Federico PELLEGRINO, Elia BARP, ITA, Harald AMUNDSEN, Einar HEDEGART, NOR, Gus SCHUMACHER, Ben OGDEN, USA, podium photo, Men’s Team Sprint Free at Coop FIS Cross-Country World Cup 2025-26 in Goms, Switzerland, 2026-01-23, Photo Credit: Quentin Joly

“Second slipped through my fingers and I kind of knew that was coming,” Schumacher told USSS media after the fact. “But [Ogden] was psyched and it was really fun to share that with him, and always fun to share a big result with a teammate.”

“Doing it with Gus, my boy from day one, was pretty fun,” echoed Ogden to USSS. “A dream come true, really. Super fired up.”

Schumacher and Ogden took third in 17:46.51 to make history once again: It was the first team sprint podium for the U.S. men’s team, in a race format first contested on the World Cup over twenty years ago.

When asked by Nordic Insights to reflect on the day, Ogden told us, “The course was one of the harder courses we’ve raced, probably, and at a reasonable altitude too, so that complicates things.”

How were the two “pretty basic, mid climbs” and the course overall? And what were the critical points of the race?

“The tough uphills were a challenge to walk the line between being frantic and trying to be in the perfect position at all times, and just relaxing and conserving energy,” said Ogden. “Going over the tops of the hills was the key points for me, and I tried to be in the top five at the start of every downhill, and I feel like I accomplished that pretty well.”
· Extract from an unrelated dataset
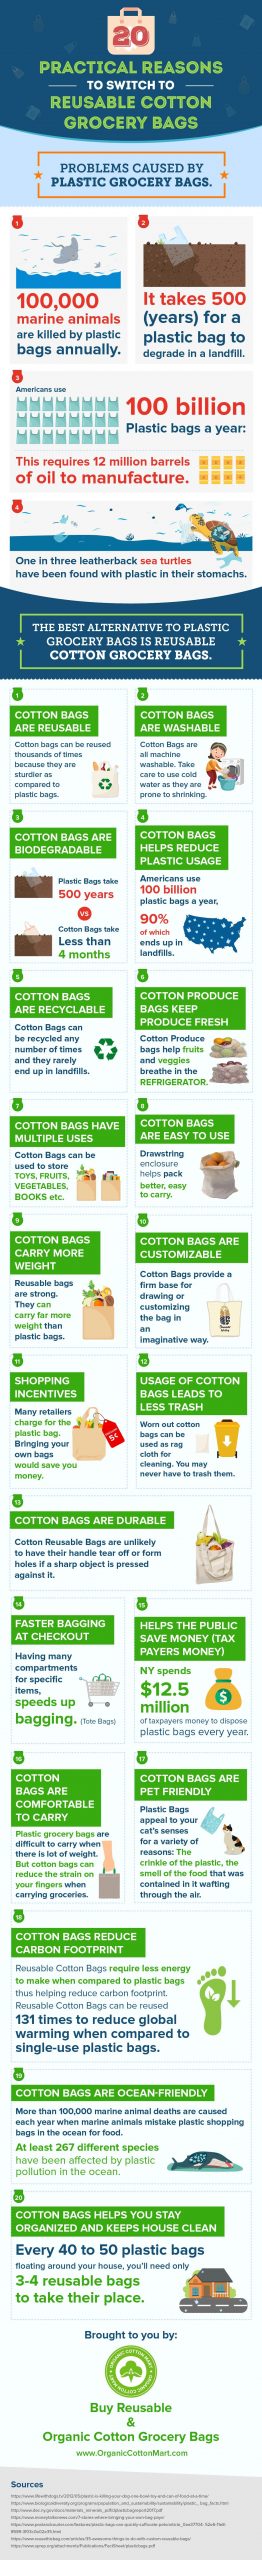 Reasons-To-Replace-Plastic-Bags-With-Cotton-Reusable-Bags

Schumacher added, “It hurt pretty bad. I threw up a little bit after the qualifier. I don’t do that much but I was pretty toxic with lactate, and after the final, I felt pretty bad for awhile,” he told us.

“That course is really big and we are at elevation and that hill is like a minute long, maybe a bit less, but pushing over the top makes it a minute. The downhills are skiing too; they’re pretty hard so you have got to keep that in mind. The last hill is fun — you recover enough to push it there and you carry speed so it feels fun.”
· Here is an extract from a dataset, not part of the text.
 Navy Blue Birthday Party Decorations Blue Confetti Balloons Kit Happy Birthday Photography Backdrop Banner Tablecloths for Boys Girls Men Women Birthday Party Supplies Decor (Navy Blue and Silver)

Ben OGDEN, Gus SCHUMACHER, USA, with team USA, winner photo, Men’s Team Sprint Free at Coop FIS Cross-Country World Cup 2025-26 in Goms, Switzerland, 2026-01-23, Photo Credit: Quentin Joly

USA II would finish 11th, in a time of 18:31.61. Schoonmaker concurred with his APU teammate whose name sometimes gets conflated with his own: “The big hill was the critical point for me,” he said. “It was super long and I really struggled there.”

Schoonmaker added, “Today was really hard. That course was brutal to do three times. I felt like Zanden executed great today and put me in good spots, but I didn’t have the gas to hang onto the pack the last two laps.”

Racing continues tomorrow in Goms with the classic sprint. The start list can be found here. Racing for the Americans will be a full crew of seven men: Zak Ketterson, Gus Schumacher, Jack Young, Ben Ogden, JC Schoonmaker, Kevin Bolger, and Zach Jayne.